## Work to complete
Please return all lines from the records below that include the string "moderne".

──────

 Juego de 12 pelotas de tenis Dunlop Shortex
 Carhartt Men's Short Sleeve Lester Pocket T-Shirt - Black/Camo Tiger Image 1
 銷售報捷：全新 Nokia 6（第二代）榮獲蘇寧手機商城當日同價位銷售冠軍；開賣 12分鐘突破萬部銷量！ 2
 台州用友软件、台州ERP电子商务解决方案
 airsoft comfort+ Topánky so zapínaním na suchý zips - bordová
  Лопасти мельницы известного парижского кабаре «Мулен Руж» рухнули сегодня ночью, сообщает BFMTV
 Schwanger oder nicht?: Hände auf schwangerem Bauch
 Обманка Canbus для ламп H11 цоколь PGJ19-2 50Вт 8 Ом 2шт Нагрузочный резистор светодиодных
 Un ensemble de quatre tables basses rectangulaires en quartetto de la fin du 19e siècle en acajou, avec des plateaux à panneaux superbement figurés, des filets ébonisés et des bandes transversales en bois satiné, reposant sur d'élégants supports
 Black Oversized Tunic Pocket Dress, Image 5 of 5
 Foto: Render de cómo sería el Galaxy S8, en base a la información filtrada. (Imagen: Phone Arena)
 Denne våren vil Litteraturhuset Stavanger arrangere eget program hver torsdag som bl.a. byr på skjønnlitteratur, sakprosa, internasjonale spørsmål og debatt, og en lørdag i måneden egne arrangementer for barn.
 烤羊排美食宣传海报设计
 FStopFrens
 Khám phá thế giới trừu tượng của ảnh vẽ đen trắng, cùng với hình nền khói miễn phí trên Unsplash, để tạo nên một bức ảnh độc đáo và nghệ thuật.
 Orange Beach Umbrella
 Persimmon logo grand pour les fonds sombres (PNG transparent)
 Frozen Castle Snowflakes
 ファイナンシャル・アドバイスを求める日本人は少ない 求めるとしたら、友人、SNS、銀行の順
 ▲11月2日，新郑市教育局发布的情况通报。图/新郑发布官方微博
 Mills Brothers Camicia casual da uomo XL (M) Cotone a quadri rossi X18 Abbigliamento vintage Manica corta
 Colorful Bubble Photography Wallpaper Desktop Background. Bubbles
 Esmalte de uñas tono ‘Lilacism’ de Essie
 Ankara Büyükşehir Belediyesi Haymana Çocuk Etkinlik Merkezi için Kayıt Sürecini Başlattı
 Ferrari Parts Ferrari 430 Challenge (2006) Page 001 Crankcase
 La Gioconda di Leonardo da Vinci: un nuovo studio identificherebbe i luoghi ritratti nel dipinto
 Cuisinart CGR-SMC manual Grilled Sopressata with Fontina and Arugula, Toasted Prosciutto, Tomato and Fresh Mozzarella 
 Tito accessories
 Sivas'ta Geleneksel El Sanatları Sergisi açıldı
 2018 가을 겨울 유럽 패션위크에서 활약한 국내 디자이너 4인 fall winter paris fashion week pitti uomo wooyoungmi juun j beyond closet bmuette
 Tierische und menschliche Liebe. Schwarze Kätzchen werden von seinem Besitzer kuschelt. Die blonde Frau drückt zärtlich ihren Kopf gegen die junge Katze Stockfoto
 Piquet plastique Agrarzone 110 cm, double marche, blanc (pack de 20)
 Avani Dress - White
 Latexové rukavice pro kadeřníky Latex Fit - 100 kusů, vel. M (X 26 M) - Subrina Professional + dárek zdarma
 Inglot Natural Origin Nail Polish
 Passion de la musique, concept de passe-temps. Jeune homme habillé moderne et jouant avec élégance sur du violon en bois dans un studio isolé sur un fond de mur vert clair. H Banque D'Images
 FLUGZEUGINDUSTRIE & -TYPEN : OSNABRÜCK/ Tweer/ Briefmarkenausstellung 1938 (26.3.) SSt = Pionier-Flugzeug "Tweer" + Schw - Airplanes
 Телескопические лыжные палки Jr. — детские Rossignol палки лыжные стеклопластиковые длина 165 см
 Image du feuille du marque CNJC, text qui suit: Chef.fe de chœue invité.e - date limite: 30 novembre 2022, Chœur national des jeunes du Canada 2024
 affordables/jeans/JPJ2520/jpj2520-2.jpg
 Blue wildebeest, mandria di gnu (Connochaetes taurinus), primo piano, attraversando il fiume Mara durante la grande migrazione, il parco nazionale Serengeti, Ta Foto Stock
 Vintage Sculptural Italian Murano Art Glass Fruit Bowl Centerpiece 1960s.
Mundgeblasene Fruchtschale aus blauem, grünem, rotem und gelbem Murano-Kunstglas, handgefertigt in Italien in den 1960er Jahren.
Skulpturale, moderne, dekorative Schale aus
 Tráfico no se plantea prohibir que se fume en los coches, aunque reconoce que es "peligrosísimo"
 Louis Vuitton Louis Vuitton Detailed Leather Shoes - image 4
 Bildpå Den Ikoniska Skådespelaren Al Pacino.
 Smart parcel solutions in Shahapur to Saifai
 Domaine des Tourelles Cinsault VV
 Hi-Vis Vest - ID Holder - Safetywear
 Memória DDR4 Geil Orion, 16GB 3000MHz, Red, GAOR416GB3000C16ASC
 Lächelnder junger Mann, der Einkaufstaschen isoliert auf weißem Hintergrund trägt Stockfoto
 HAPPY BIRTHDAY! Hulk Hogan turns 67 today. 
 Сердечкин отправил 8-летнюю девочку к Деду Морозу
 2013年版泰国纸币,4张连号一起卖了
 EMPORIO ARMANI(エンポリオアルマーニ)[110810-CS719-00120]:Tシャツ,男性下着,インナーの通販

──────

## Final answer
 Passion de la musique, concept de passe-temps. Jeune homme habillé moderne et jouant avec élégance sur du violon en bois dans un studio isolé sur un fond de mur vert clair. H Banque D'Images
Skulpturale, moderne, dekorative Schale aus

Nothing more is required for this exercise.